The net effect of the change, as pointed out by a Redditor, is that if you have a single-user Apple Music subscription, if you start a stream on your iPad or iPhone, it stops what's playing on your HomePod, and vice versa. This appears to be how Apple intended it all along, as none of the marketing materials have ever suggested otherwise, nor have there been exceptions carved out for the HomePod in Apple's terms of service for Apple Music.

The $9.99 per month Apple Music subscription allows for one stream. The $14.99 per month membership doesn't have this restriction, and allows for six different streams across all of the user's devices either on that Apple ID, or others linked by Family Sharing.

One stream being played by multiple HomePods attached to an account still counts as one device. Local playback of iTunes media stored on a hard drive not acquired from Apple Music of original files not downloaded as a match from Apple's servers does not count as a stream.

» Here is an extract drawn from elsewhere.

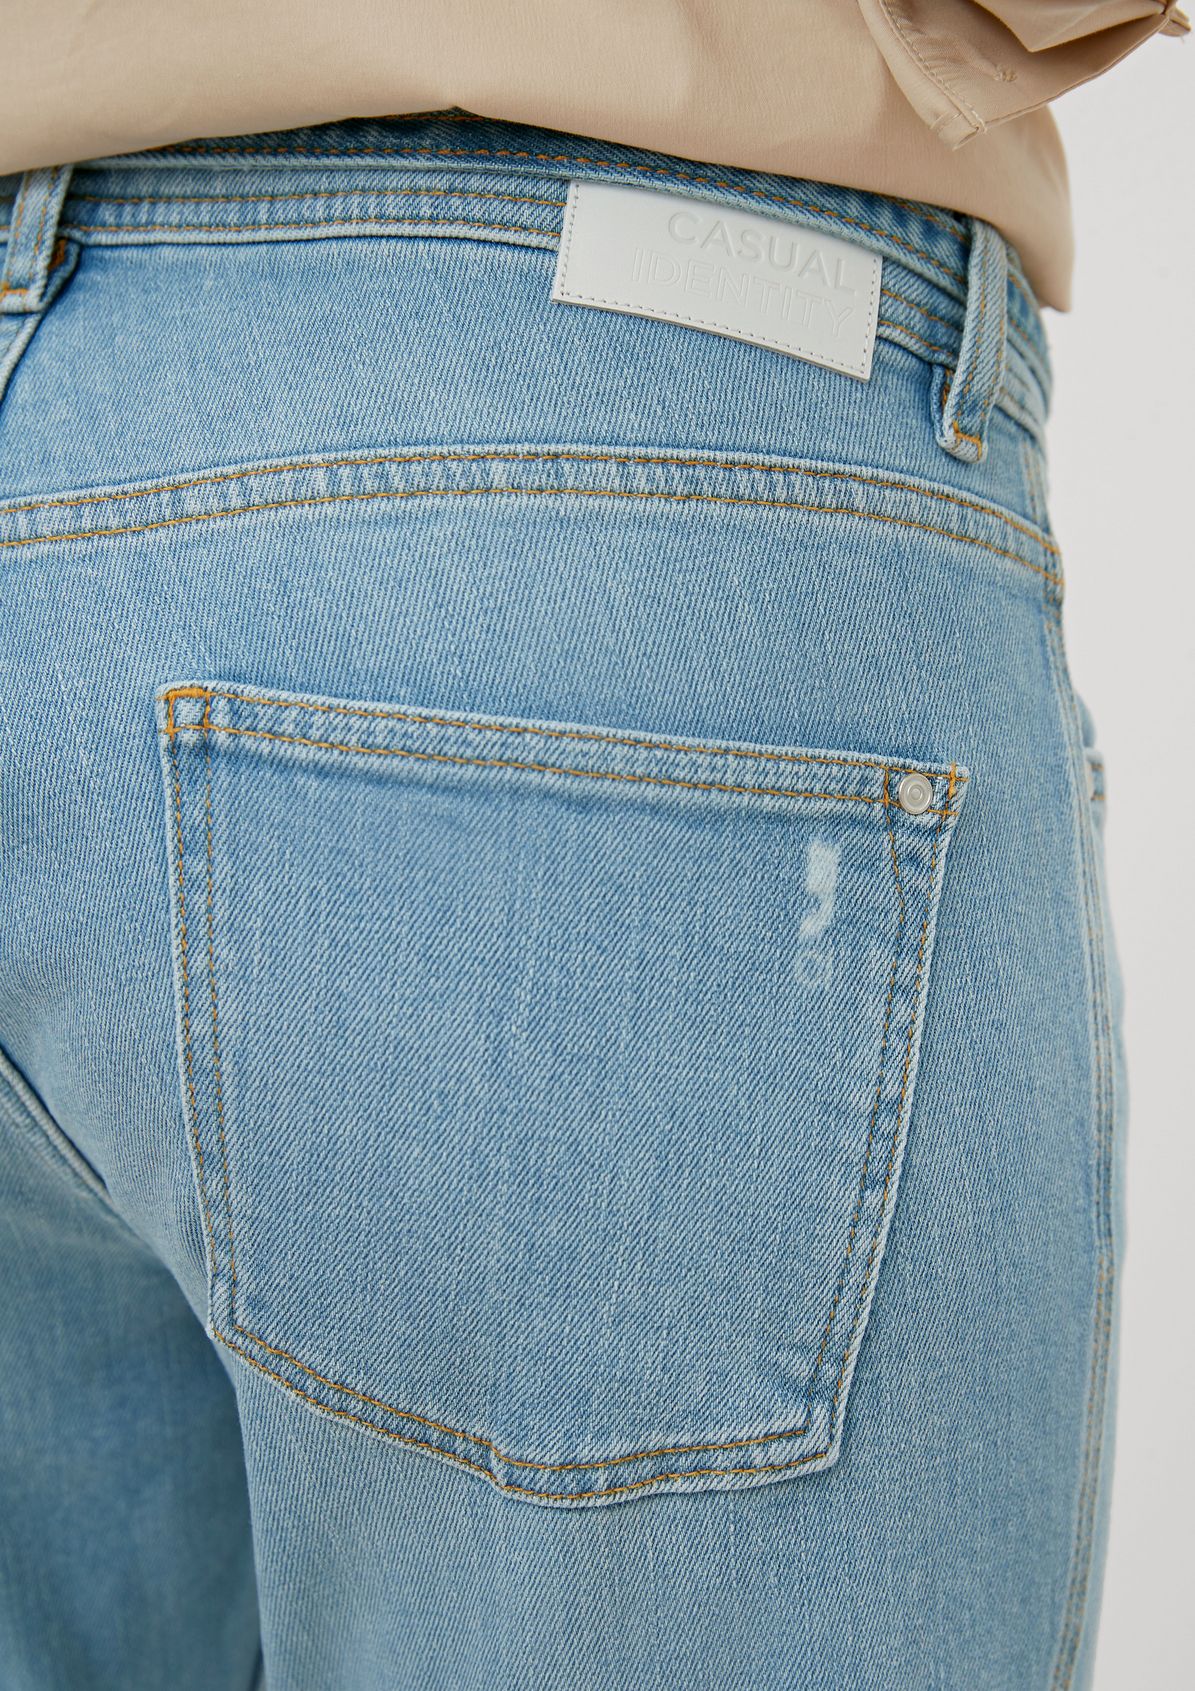 Rabatt 75 % DAMEN Jeans Boyfriend jeans Elastisch Blau L Lier Boyfriend jeans

Multiple users on Reddit confirmed that they had been told the same thing. Apple Support representatives were telling users that called in that the previous behavior was a bug, and the current HomePod behavior is how the device was intended all along.

It isn't clear when the change took place. AppleInsider can confirm that the previous behavior manifested at least through New Year's Day. There hasn't been an official OS update in 2019 as of yet, so the change must have been made server-side, and it appears to be rolling out gradually.